Cardiac transplantation is the standard therapy for treatment of refractory advanced heart failure and affords patients a median survival extending to more than 12 years in the modern era. A significant cause of mortality and morbidity associated with cardiac transplantation arises from failure of the cardiac allograft, which occurs from primary graft dysfunction, acute rejection, or cardiac vasculopathy. In many circumstances, acute failure of the cardiac allograft requires mechanical circulatory support (MCS) as a bridge to cardiac recovery or retransplantation.

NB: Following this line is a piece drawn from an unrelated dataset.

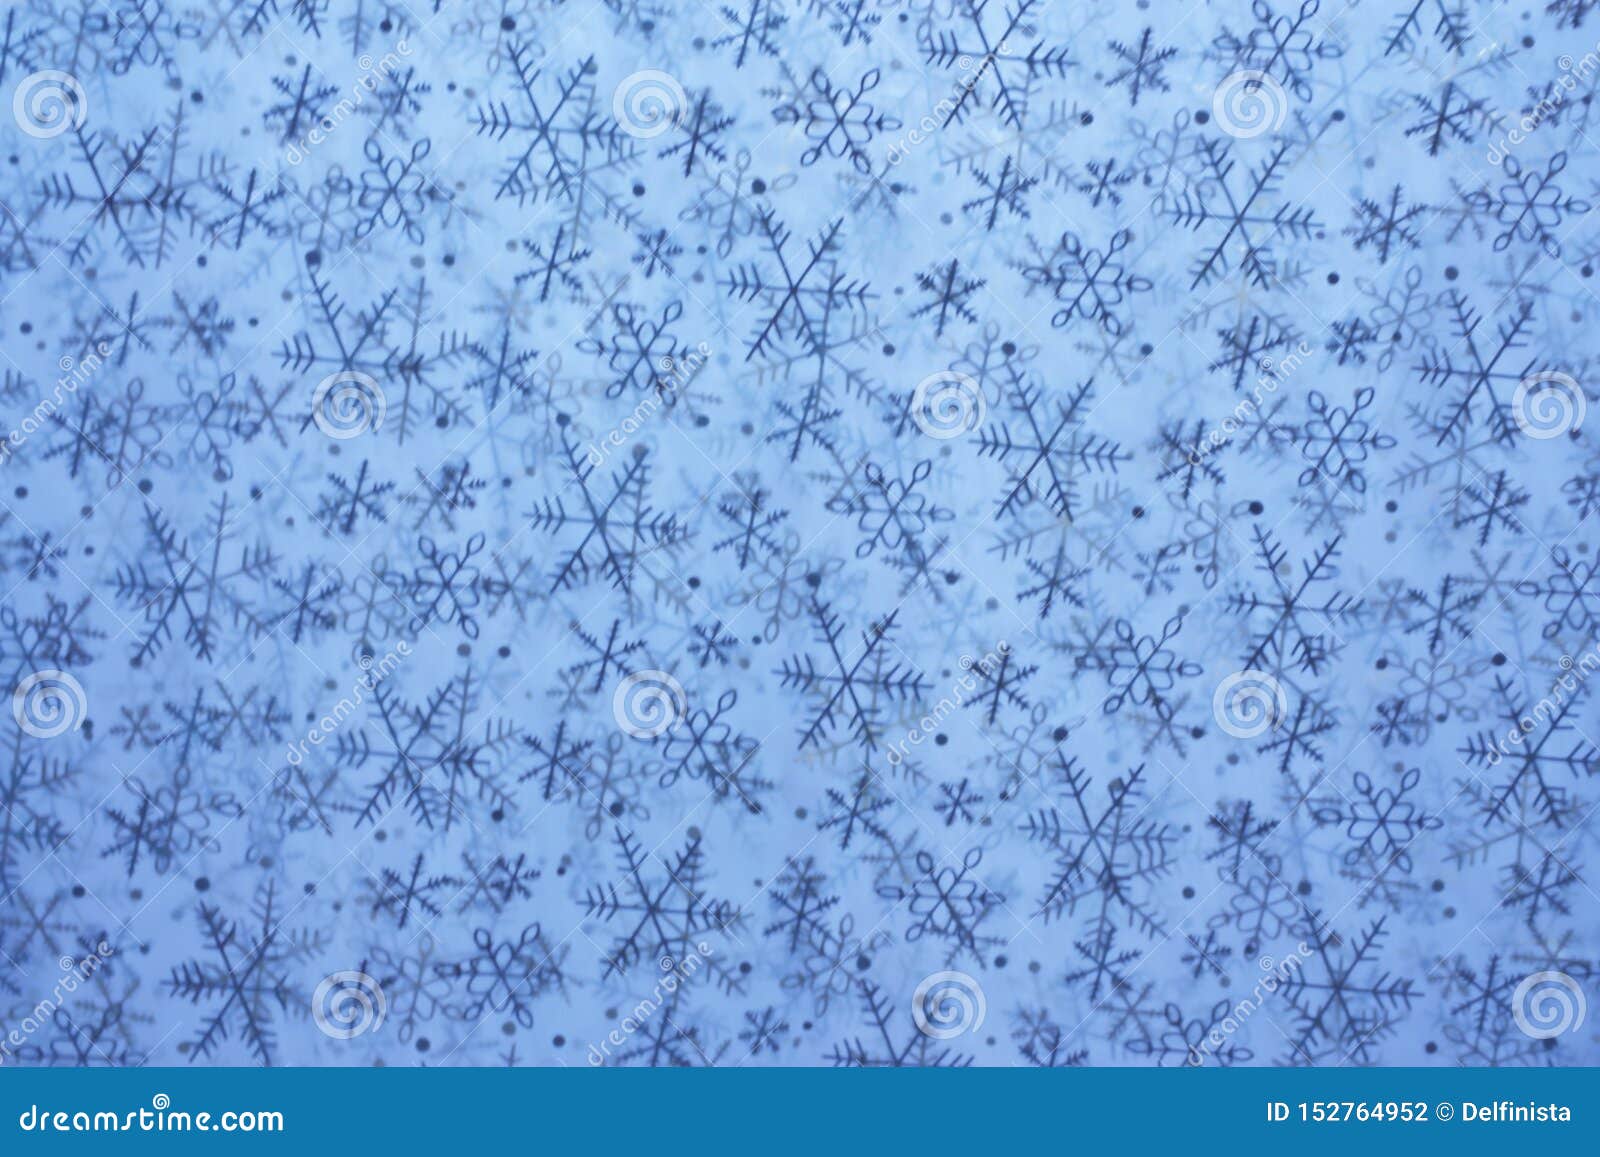 Snowflake Wallpaper - NawPic

In this issue of the Journal, Sanchez and colleagues report on the data from 81 patients receiving MCS for cardiac retransplantation from the United Network for Organ Sharing database and compared their outcomes with those of patients undergoing cardiac retransplantation without MCS (N = 383). Patients were bridged with MCS with either extracorporeal membrane oxygenation (n = 29; 35.8%), total artificial heart (n = 13; 16.0%), or temporary or durable ventricular assist device (n = 39; 48.1%). Twelve (14.8%) were supported with a second device before retransplant. Of the MCS group, 39% underwent retransplantation because of primary graft dysfunction or acute rejection, versus 6% of the non-MCS group, and 30% of the MCS cohort were listed for retransplantation for failure of the allograft as a result of allograft vasculopathy, compared with 59% of the non-MCS group. The 30-day mortality was significantly higher in the MCS group (17.8% vs 4.8%; P < .01). Patients bridged with a ventricular assist device or total artificial heart had midterm outcomes comparable to those of the non-MCS group.

Sanchez and colleagues have provided the MCS community with a valuable assessment of MCS support for cardiac retransplantation that demonstrates feasibility and reasonable long-term survival in light of the critical illness and complexity of issues with this group. There are a number of limitations in the report by Sanchez and colleagues. The study cohorts were small when comparing subgroups of patients stratified by device type and when assessing long-term outcomes, particularly when comparing outcomes with those of patients undergoing retransplantation without MCS. The numbers of patients alive at longer follow-up in the MCS group were exceedingly small: 18 patients at 4 years and only 9 patients at 6 years for all MCS and only 14 and 7 patients, respectively, for the subgroup receiving ventricular assist device or total artificial heart support. Inferences as to optimal device or assessment of outcomes are thus very limited. A second important limitation of the study is that the denominator of all patients receiving MCS for retransplantation indication is unknown, and only patients thought to be reasonable candidates and listed for transplantation were available for analysis in the United Network for Organ Sharing database. The number of patients receiving MCS for cardiac retransplantation but ultimately not relisted because of early death or complications that arose early after MCS use is thus unknown. The outcomes from this report are therefore potentially biased and may represent an overwhelmingly favorable outcome of MCS for this indication.

The results of using MCS as a bridge to cardiac retransplantation reported by Sanchez and colleagues are not entirely unexpected. What effect the new changes in the heart allocation system will have on provider biases in feasibility and the decision to proceed with MCS for cardiac retransplantation are unknown, but rigorous follow-up will be needed to determine the effect on overall use and outcomes of MCS for this indication.